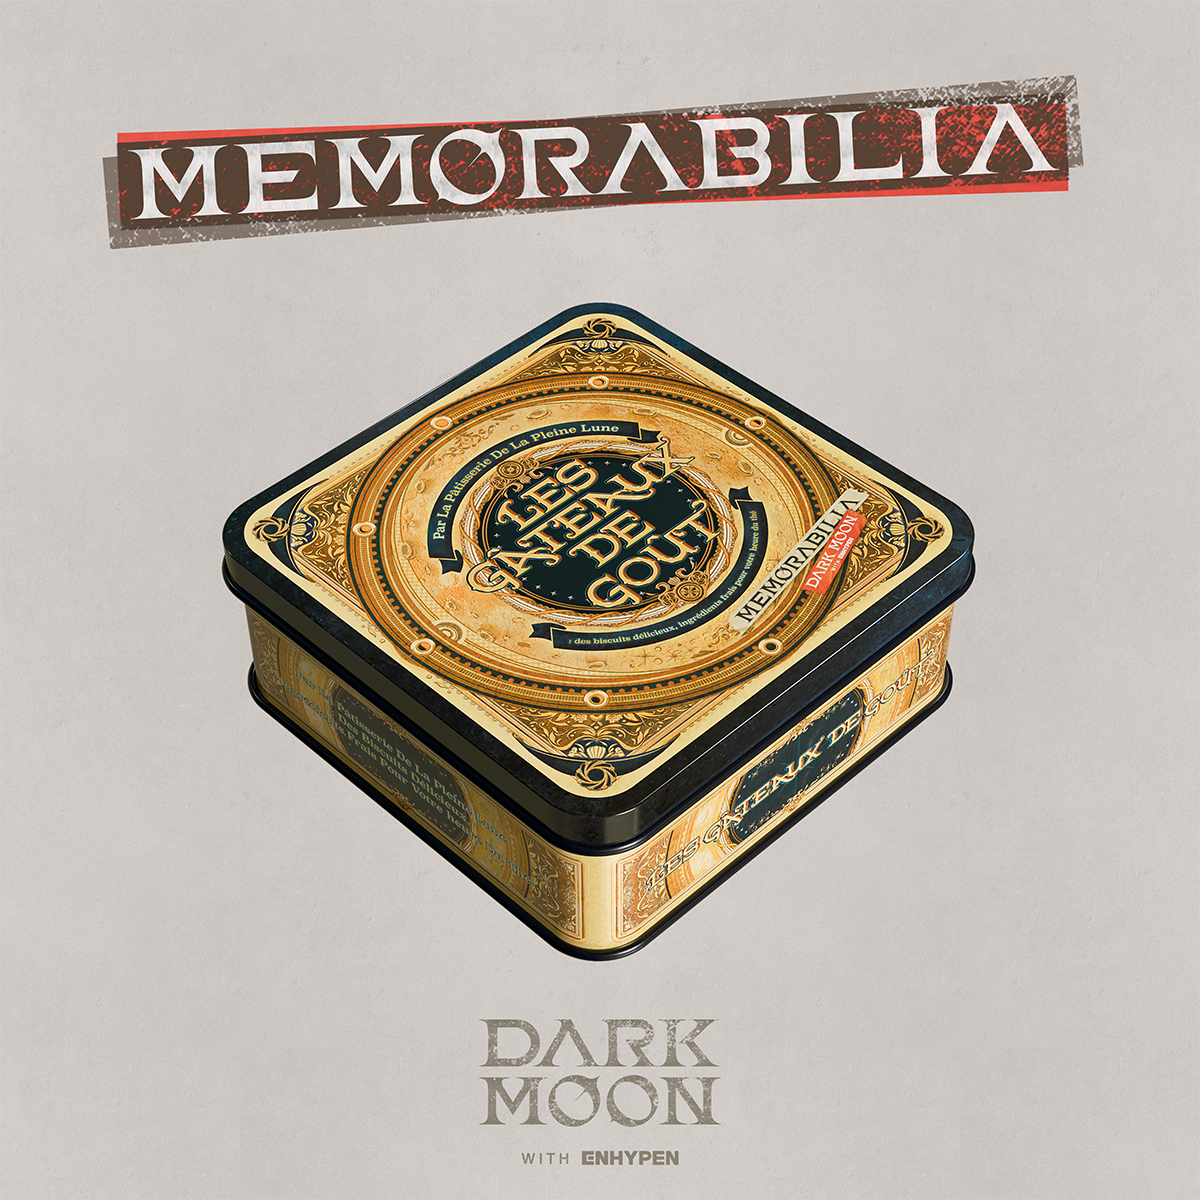 ENHYPEN - DARK MOON SPECIAL ALBUM 'MEMORABILIA' (Moon Ver.) [PRE-ORDER]
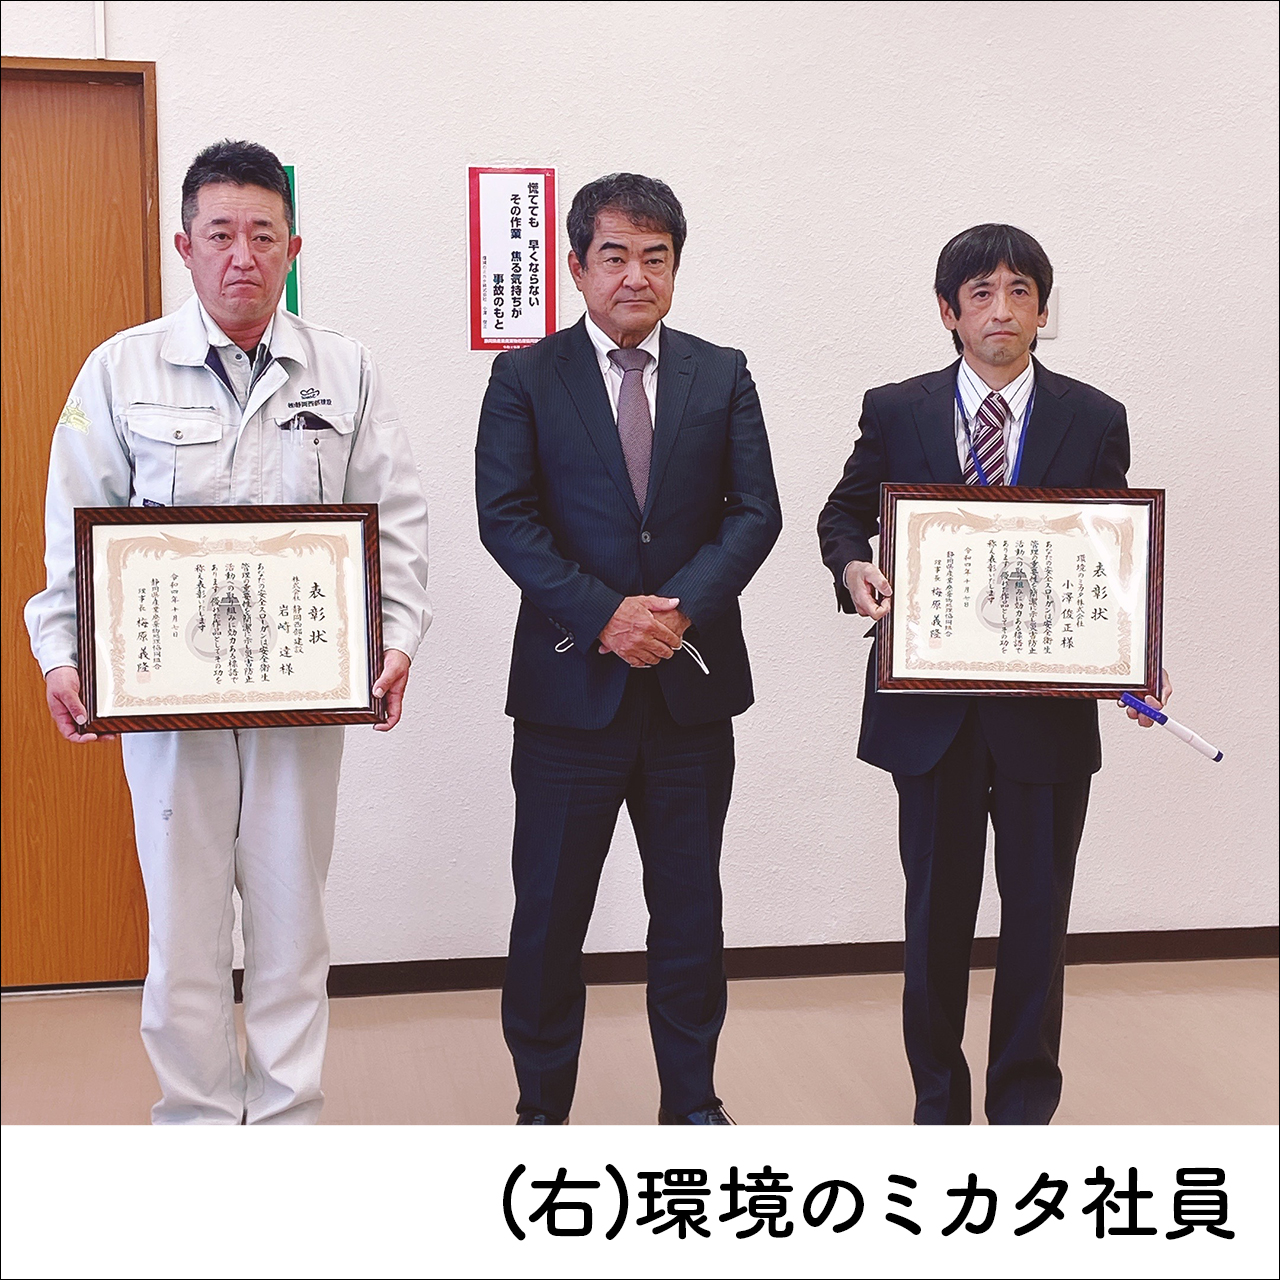 静岡県産業廃棄物処理協同組合の安全標語に採用されました
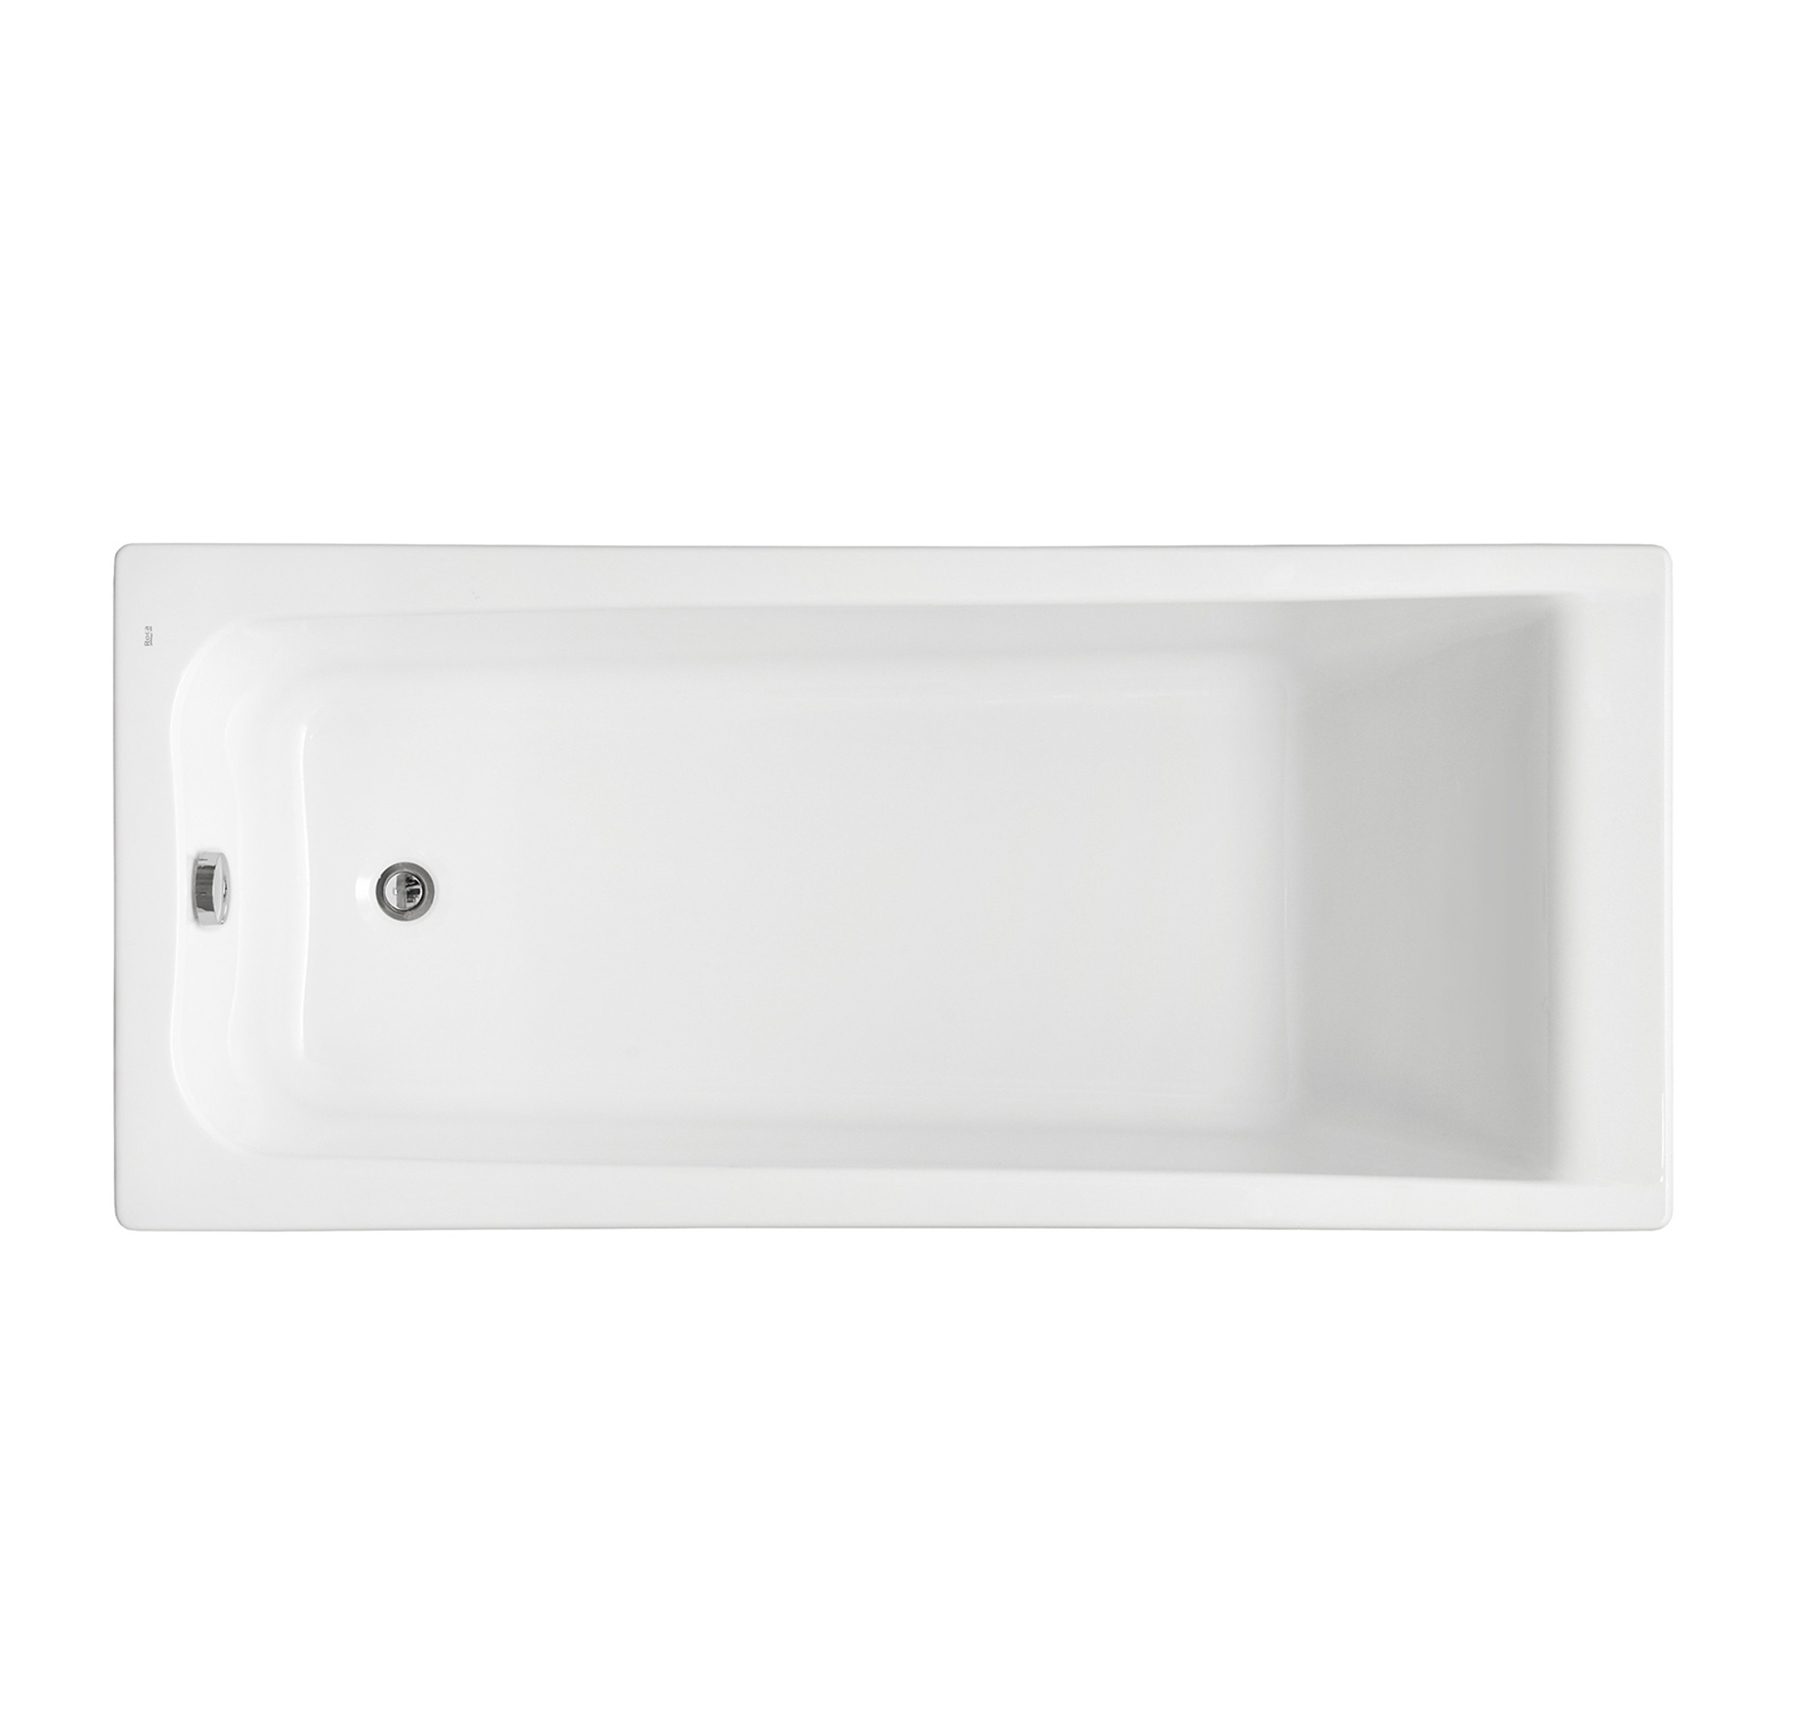 Акриловая ванна Roca Elba 150x75, цвет белый

_TASK DETAILS_
Copy the data exactly. Any picture it contains is to be omitted.

_RESPONSE TO THE EXERCISE_
 ENHYPEN - DARK MOON SPECIAL ALBUM 'MEMORABILIA' (Moon Ver.) [PRE-ORDER]
 静岡県産業廃棄物処理協同組合の安全標語に採用されました
 Акриловая ванна Roca Elba 150x75, цвет белый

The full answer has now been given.